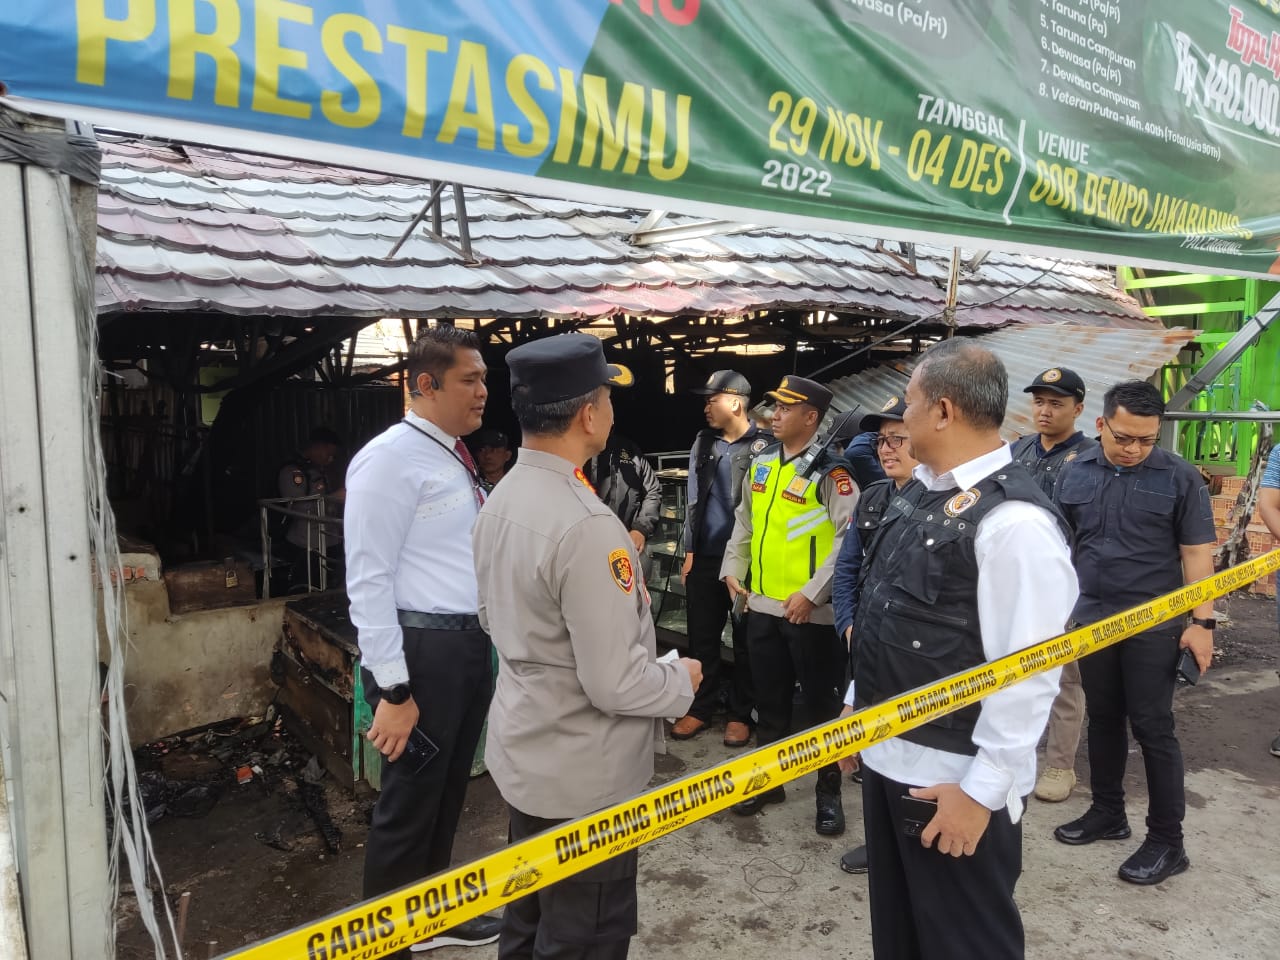 60 Kios Pasar Cinde Palembang Terbakar, Kapolrestabes: Korsleting Kabel di Luar Kios
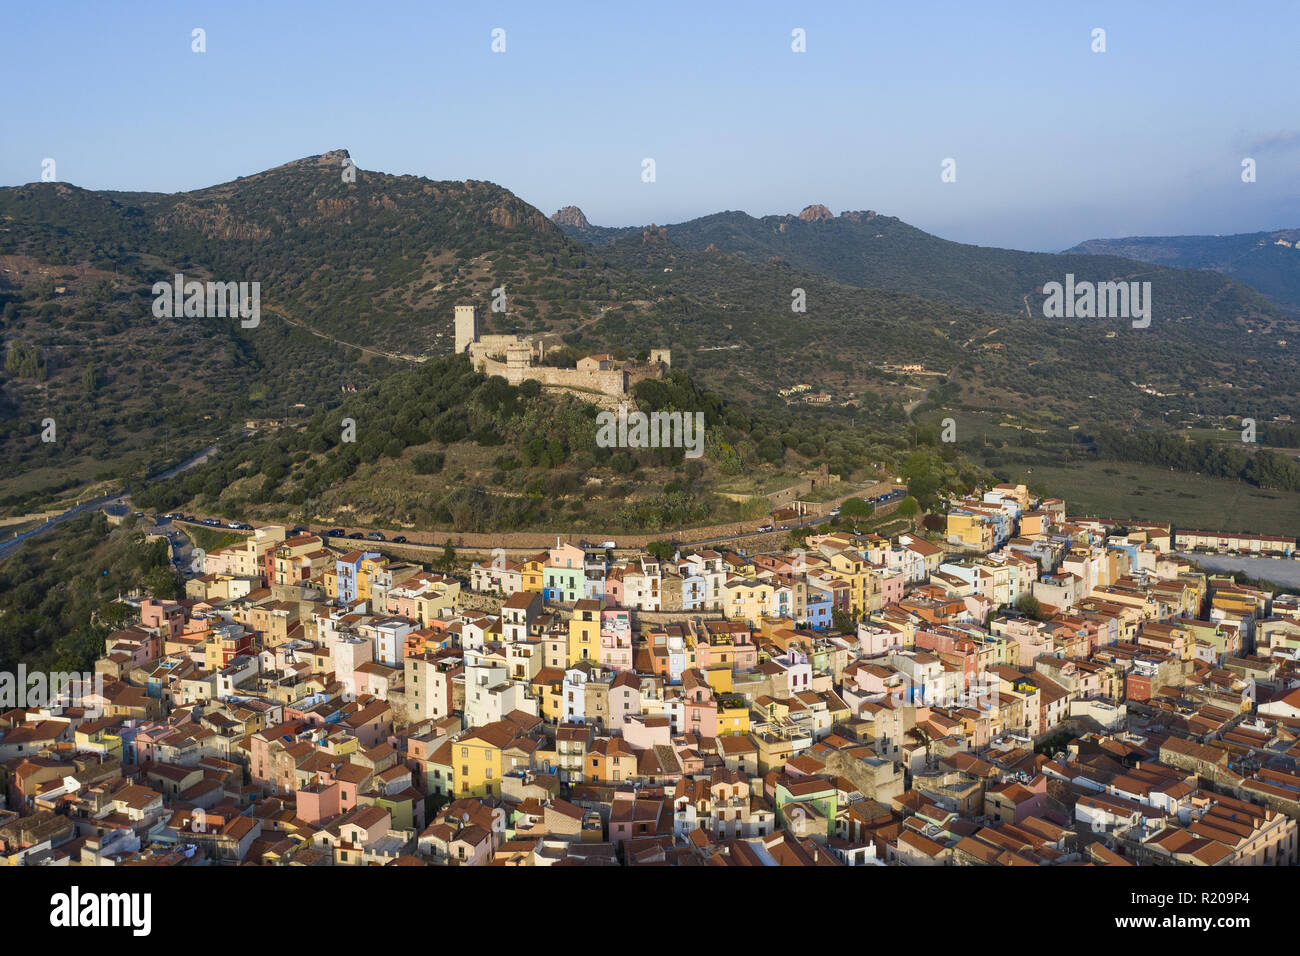 Vista aerea del bellissimo borgo di Bosa con case colorate. Bosa è situata nel nord-ovest della Sardegna, Italia. Foto Stock
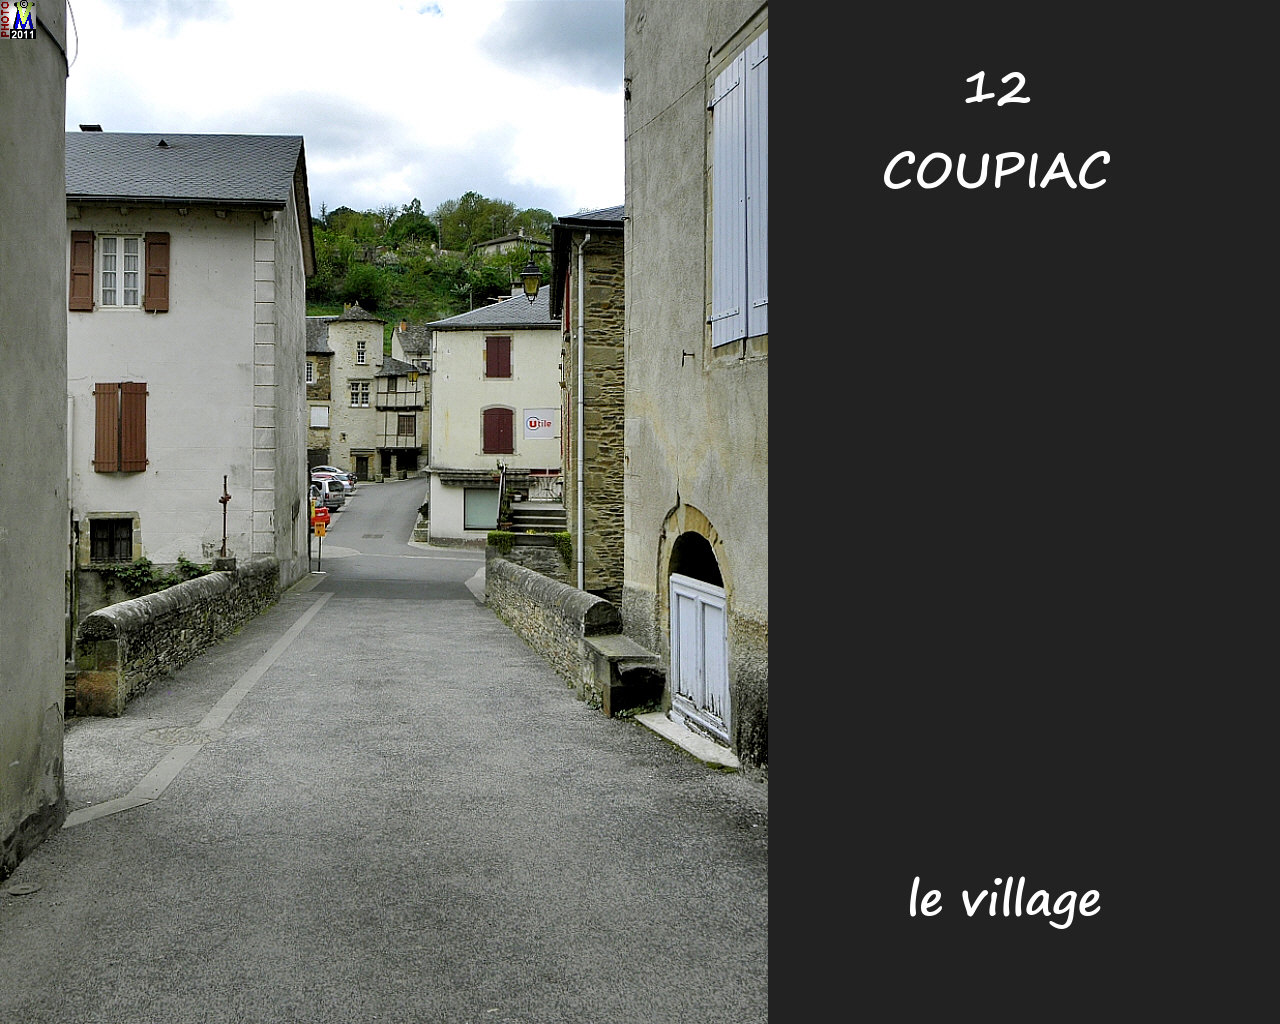 12COUPIAC_village_102.jpg
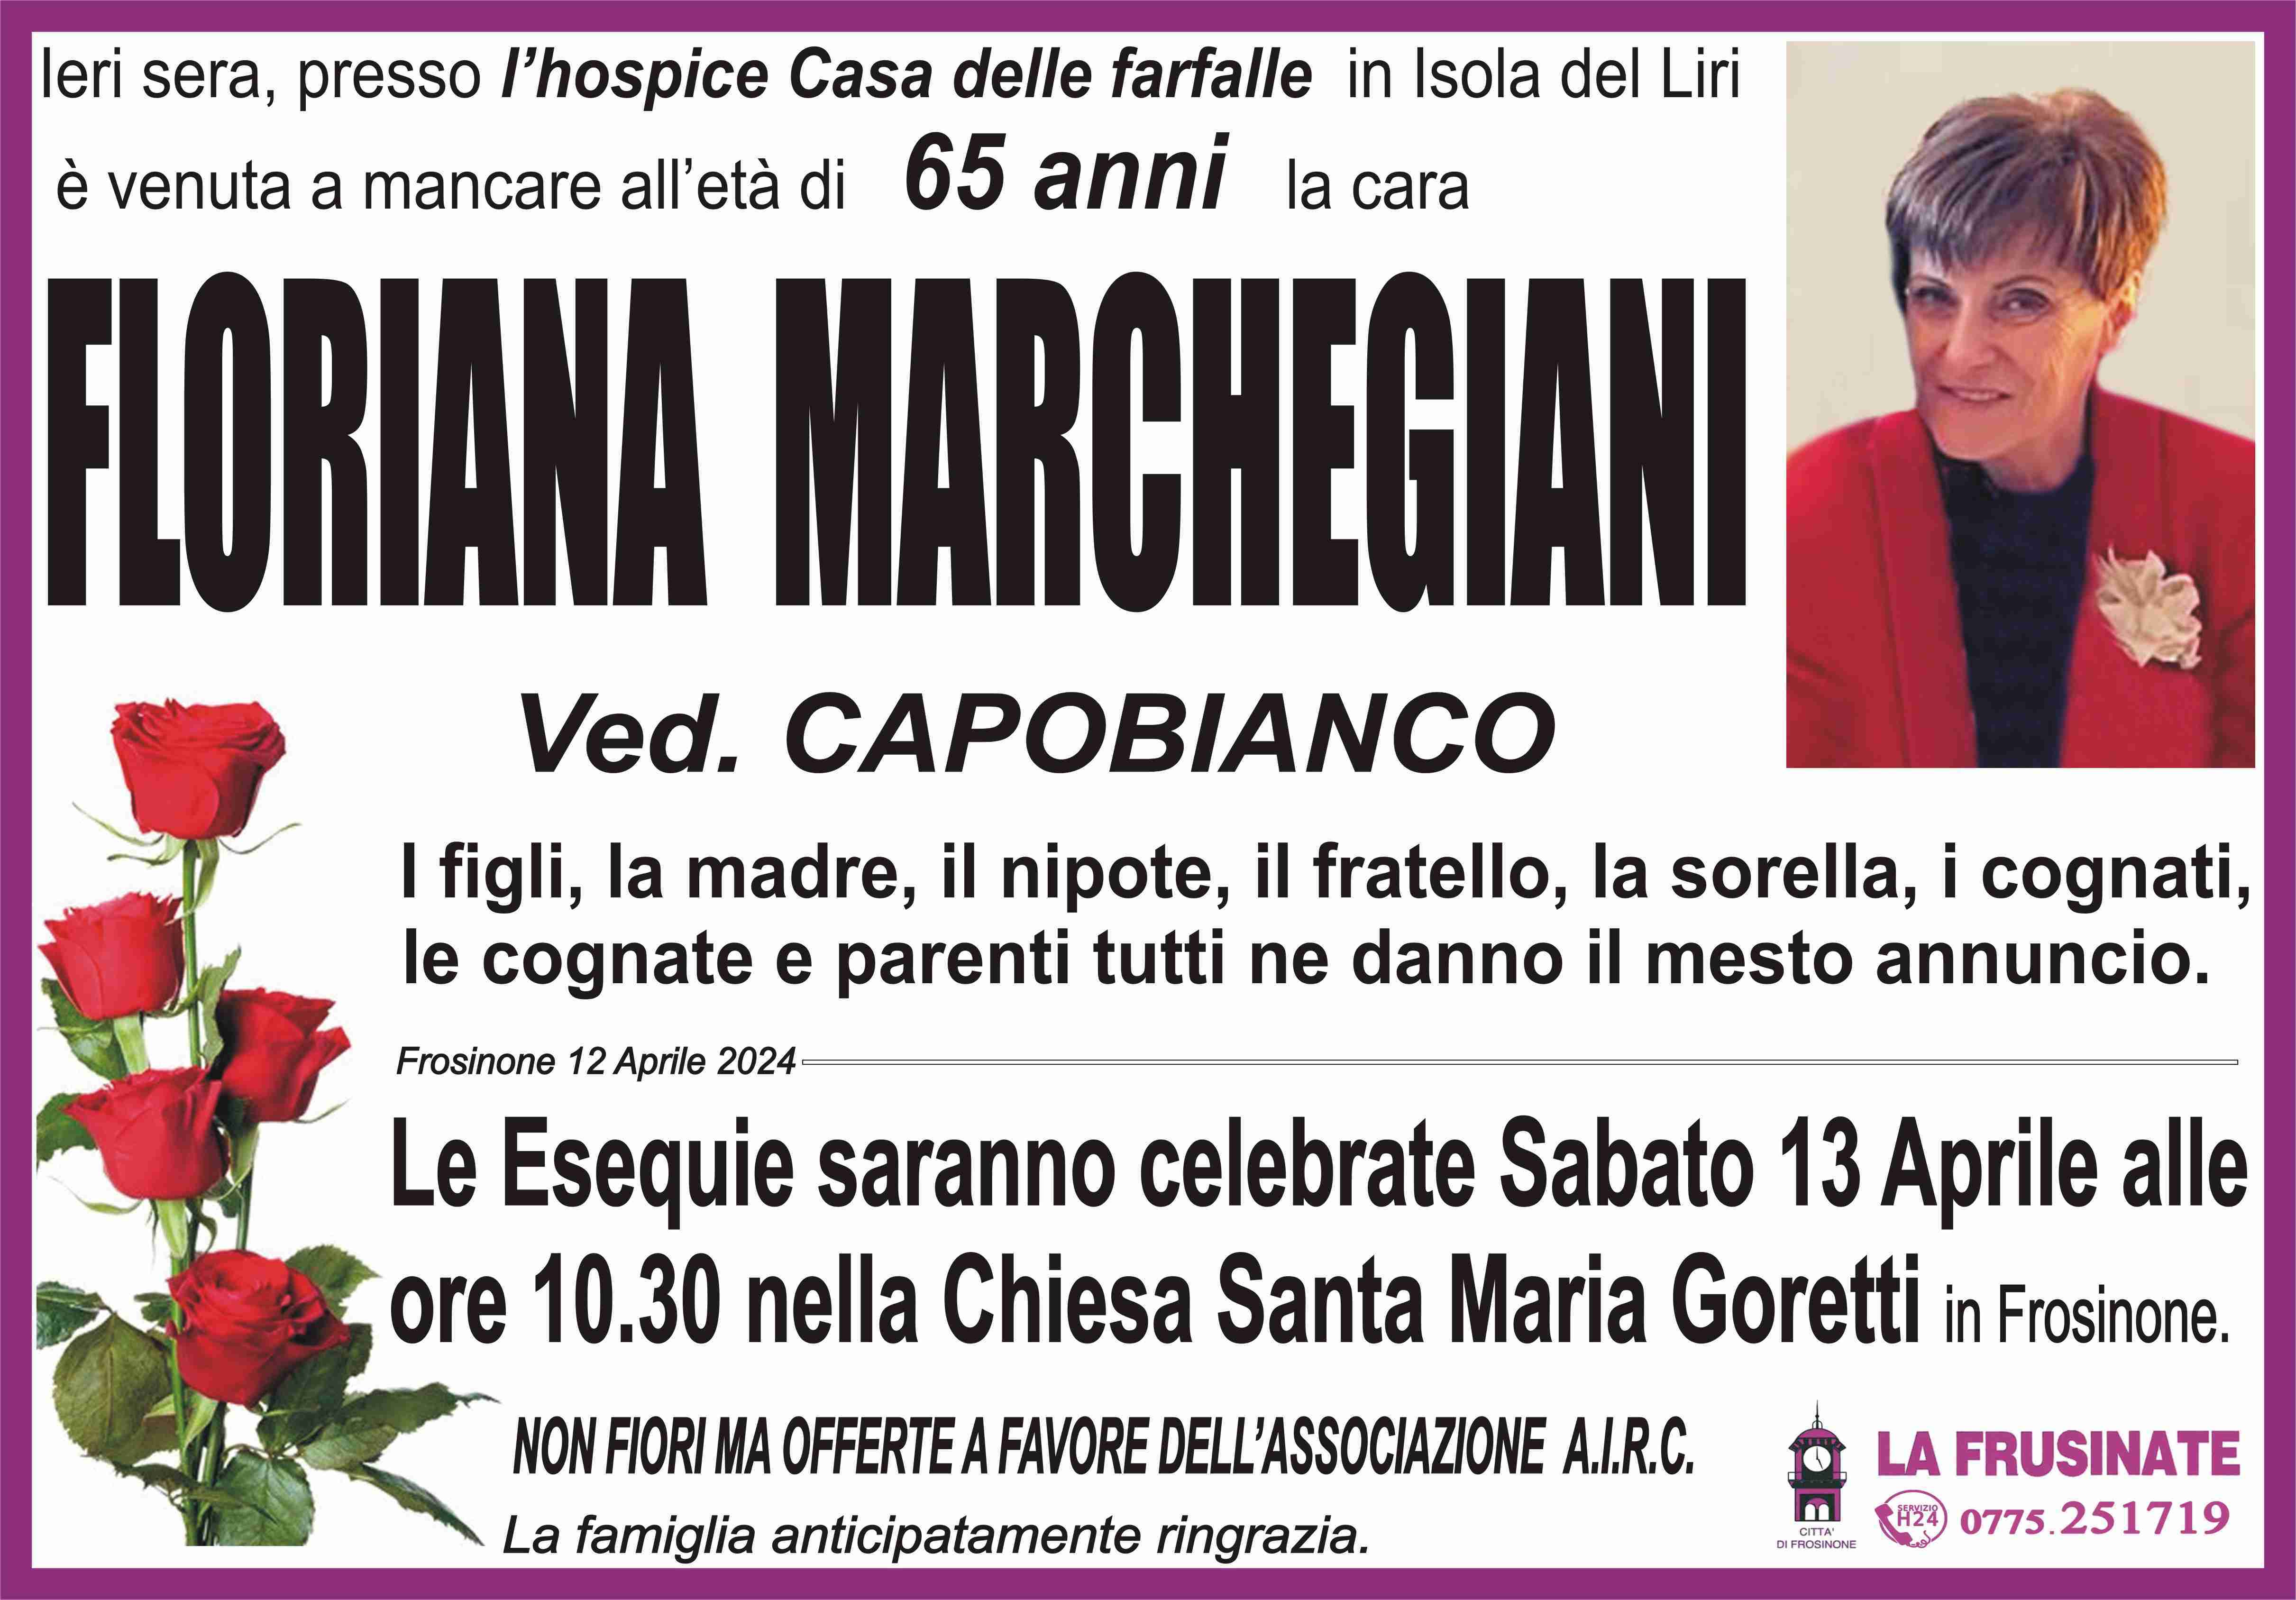 Floriana Marchegiani

———

To do: Where images occur in the data above, leave them out and repeat everything else exactly.

Task output:
 60 Kios Pasar Cinde Palembang Terbakar, Kapolrestabes: Korsleting Kabel di Luar Kios
 Vista aerea del bellissimo borgo di Bosa con case colorate. Bosa è situata nel nord-ovest della Sardegna, Italia. Foto Stock
 12COUPIAC_village_102.jpg
 Floriana Marchegiani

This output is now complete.